O fenómeno do Chega e de André Ventura é coisa passageira ou um rastilho para, pela primeira vez no nosso país, insanar o nosso sistema político e institucional? Não sei responder a esta incógnita de peito aberto e as opiniões que vão surgindo dividem-se.
Sou tentado a olhar para este ‘caso’ como um epifenómeno atendendo às boas lições que os portugueses têm dado sempre que chamados a exercer a sua função capital de escolher o(s) melhore(s) em cada circunstância e momento político.
Mas a verdade é que nos confrontamos, sem nenhuma dúvida, com um projeto populista perigoso, que a democracia permite e aconchega, e sobre o qual é imperioso acautelar toda a vigilância, porque não vale tudo e porque sabemos como começam e acabam estas incursões oportunistas do voto de protesto.

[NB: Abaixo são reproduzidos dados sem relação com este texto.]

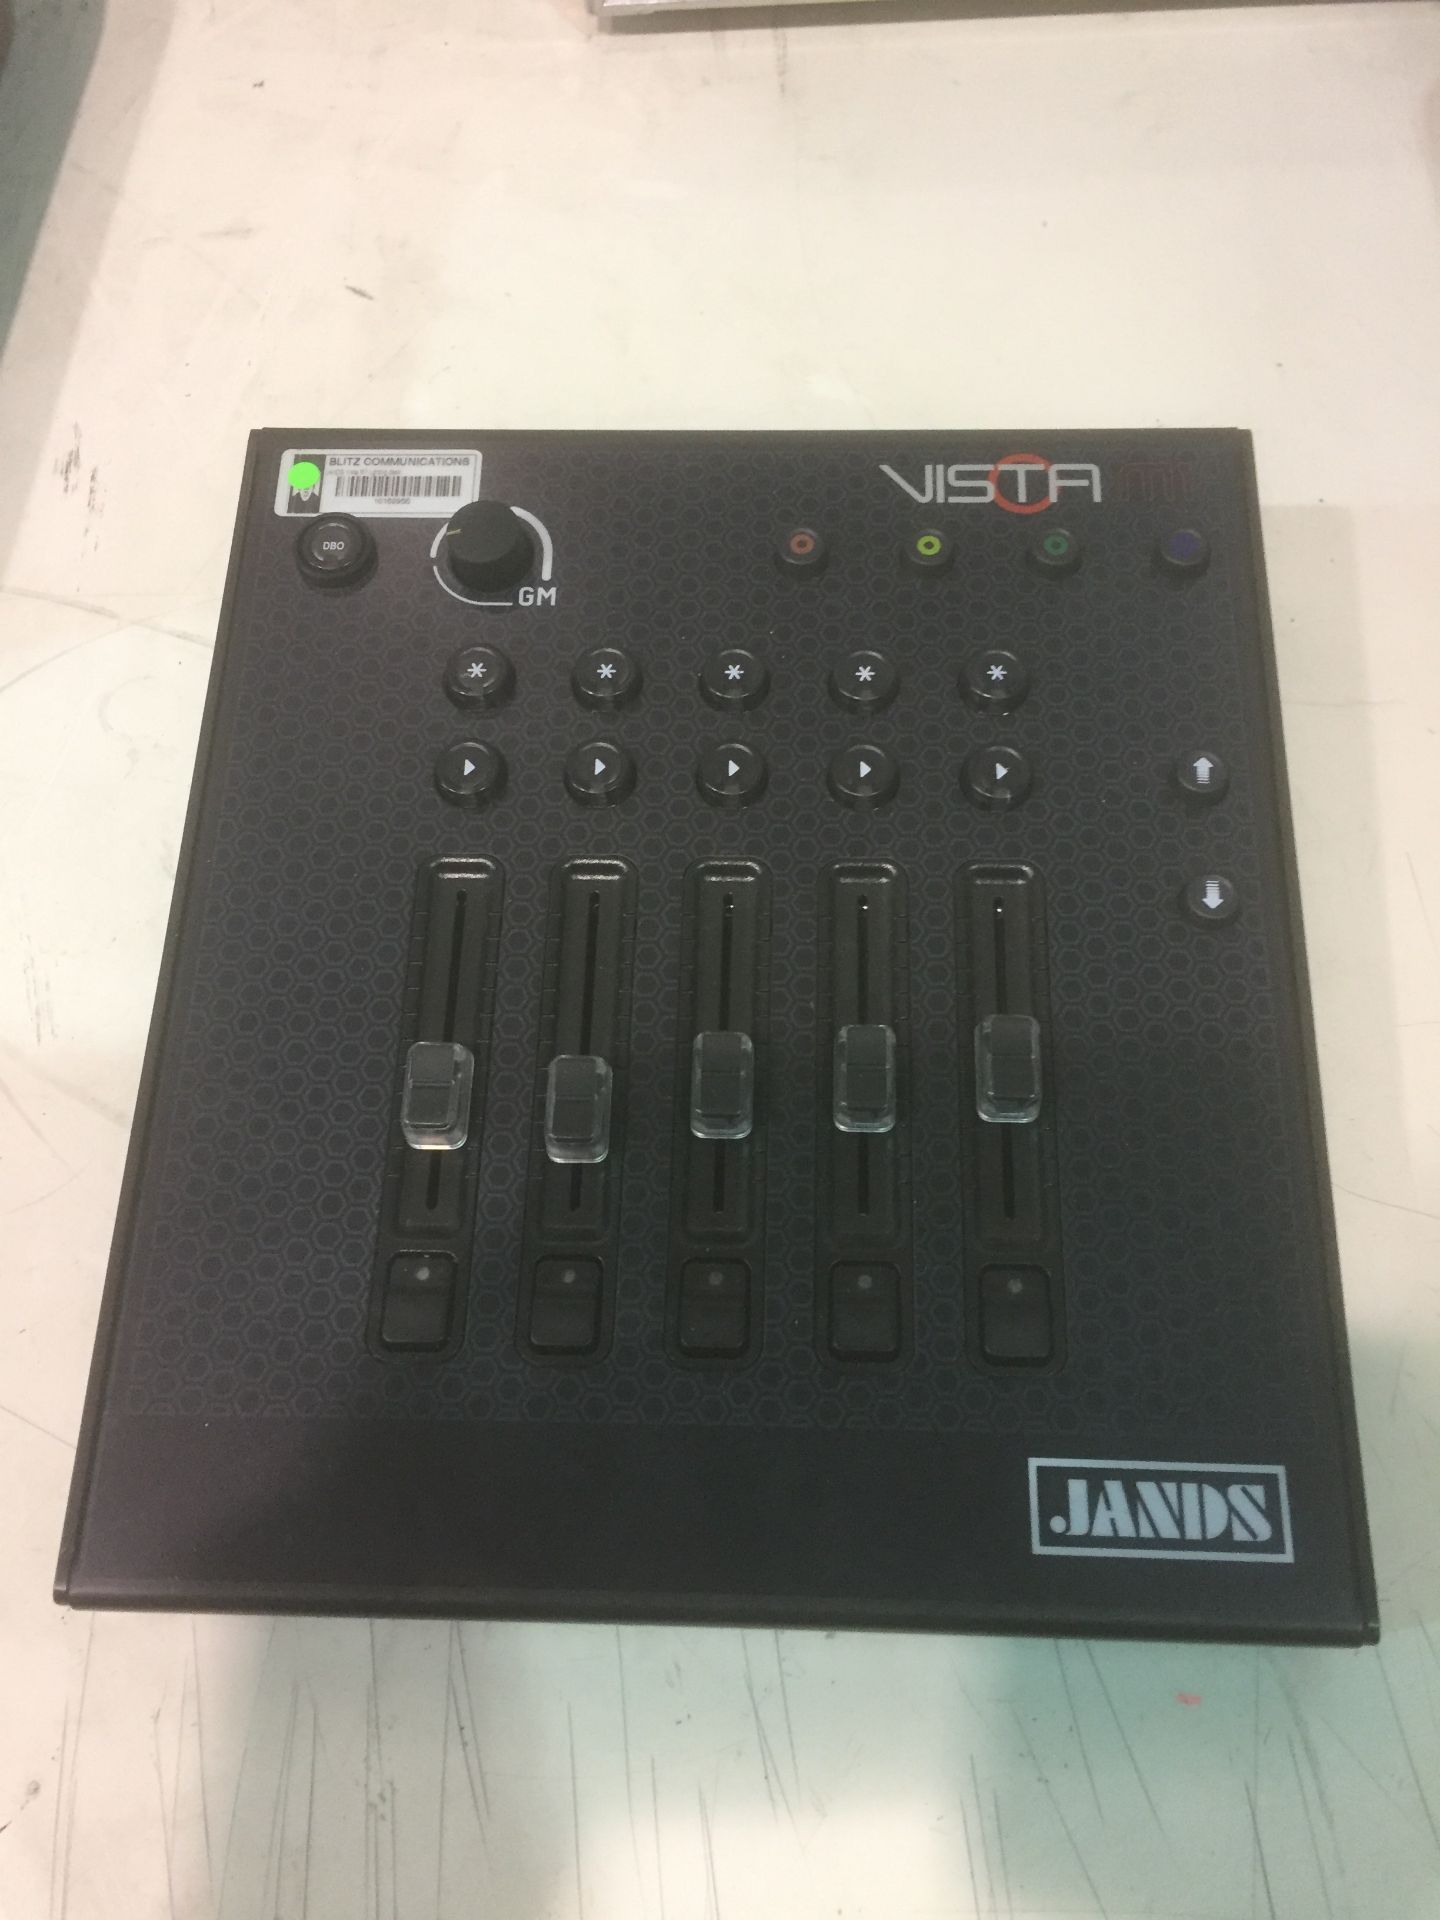 Jands Vista M1 control surface, S/N M13677, Jands 4PAKII Four Channel dimmer/controller, S/N

Por isso mesmo, a democracia, a nossa, que tanto demorou a conquistar e a consolidar, não pode deixar abrir brechas ao monstro da intolerância, da indecência e do populismo subversivo, que deve ser combatido fora da lama, com ideias, com projetos e com políticas que retirem espaço ao agigantar de Venturas e afins, peões de uma máquina forjada neste mundo adoentado, onde tudo vale para deitar abaixo as suas fundações.
Tomando por certo algum sossego sobre o futuro inquilino de Belém, é imperioso retirar gás a um balão que enche a cada dia que passa, cavalgando sobre tudo e sobre todos, numa torpe política que ofende os preceitos sagrados da vida em sociedade e a paz que faz de Portugal um país – ainda que com defeitos e muito por fazer – tolerante que olha todos os seus, sobretudo os mais desfavorecidos e marginalizados.
Com a pandemia a retirar fôlego ao voto, sem uma campanha devidamente esclarecida e com a esquerda e a direita democrática muito dividida, paira no ar algo que não cheira bem. Sobretudo porque o voto de protesto é sempre mais presente e, nos sulcos do Chega, há muitos portugueses decentes atrás da onda. Daí esta eleição não ser um ato menor. Votar em massa na democracia é crucial.